Lajolo is optimistic about the results already obtained. He explained that the fruit becomes sweet because its carbohydrates change and soften because of alterations in the cellular walls of the pulp. The biochemical transformations being studied are diverse. Highly coordinated, these modifications are related to the action of enzymes and have the participation of hormones.

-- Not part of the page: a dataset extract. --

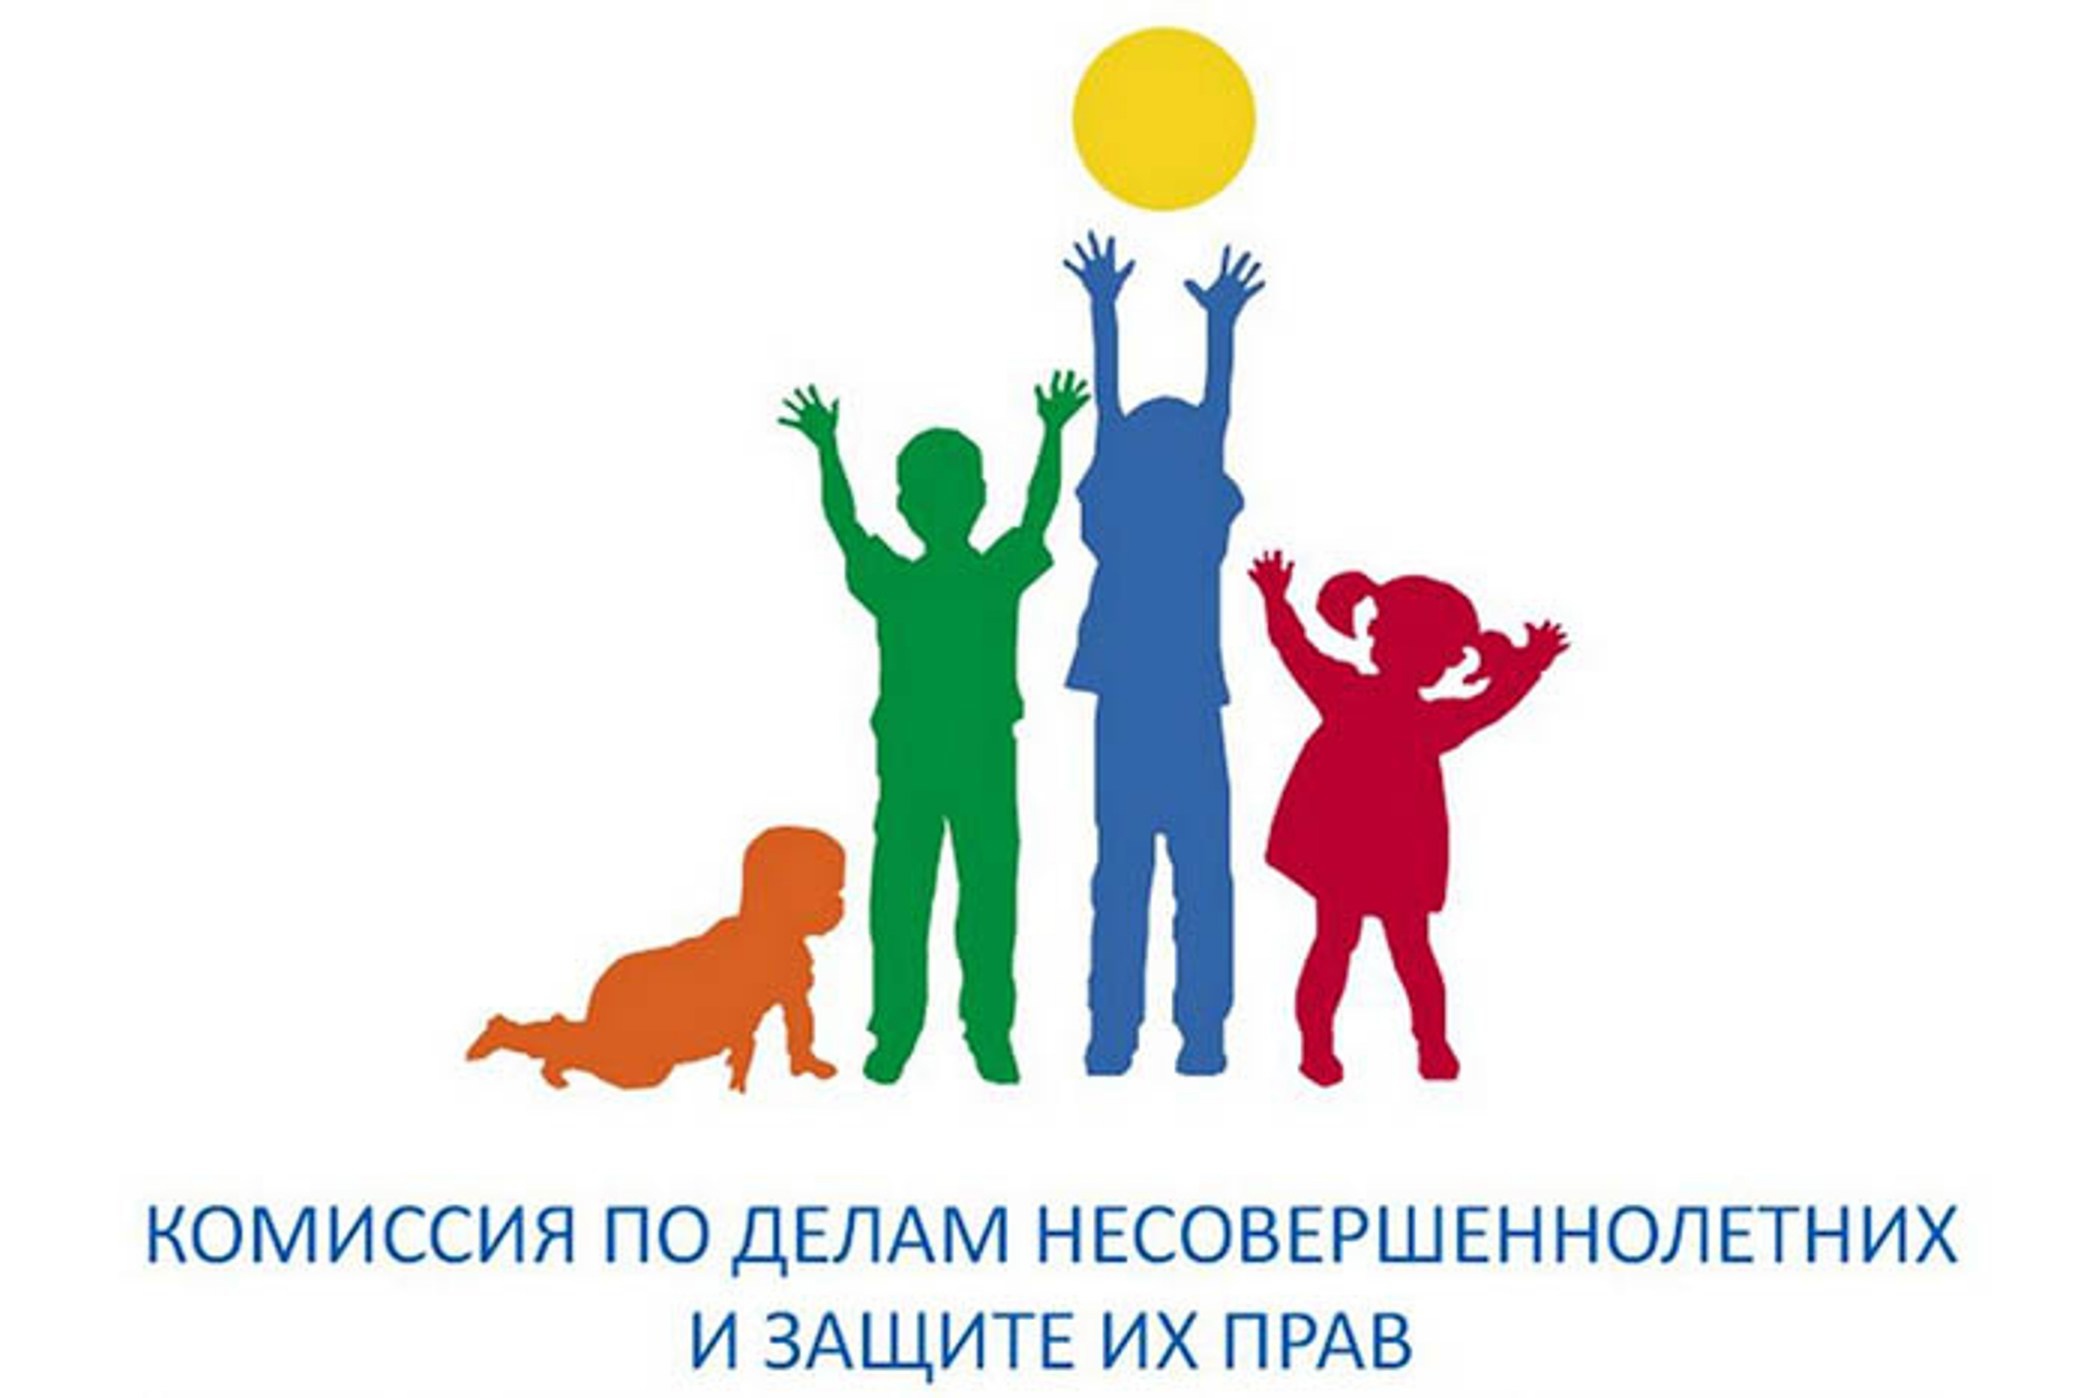 Ежегодно 20 ноября в Российской Федерации проводится Всероссийская акция «День правовой помощи детям»..
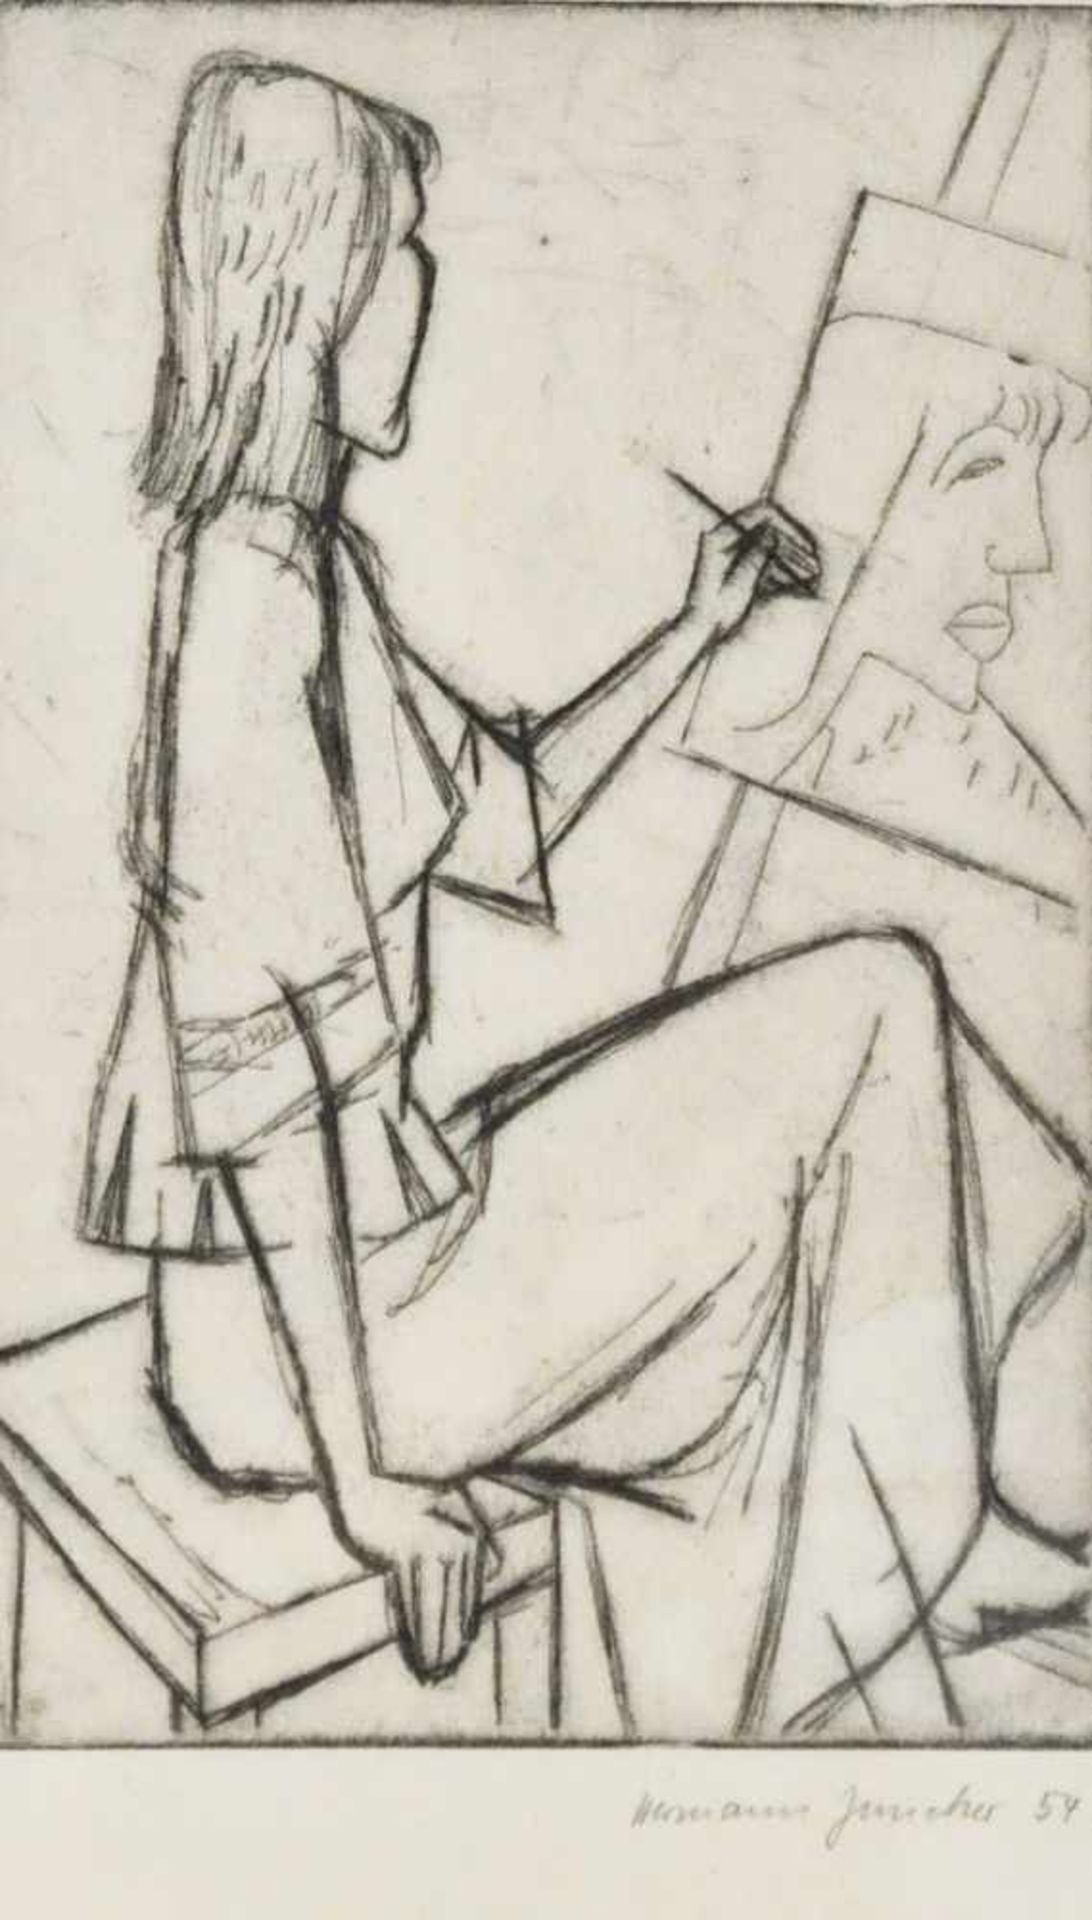 Juncker, Hermann Theophil (1929 - tätig in Hamburg),"Mädchen beim Zeichnen", Radierung, 25,0 x 16,

“The idea of the project”, he explains “is to find out what controls these transformations, what is the mechanism and the molecular bases involved in this process. For this reason we’re studying more deeply the mechanisms associated with the carbohydrates (for sweetening) and the cellular walls (for texture), which are the important quality parameters.” When we learn all about this process, it will be possible to develop technologies that increase the quality and the durability of fruit.
Enzymes sweeten banana
For the sweetening process, the research concentrated on bananas (Musa paradisiaca), considered to be a good example of the metabolism changes of the carbohydrates: it is easy to follow its ripening, for example, through the successive changes in color. While it is maturing, its breathing accelerates. Furthermore, its oxygen intake increases as the changes increase. By measuring its respiration, the researchers can capture the signs of the internal work of maturing.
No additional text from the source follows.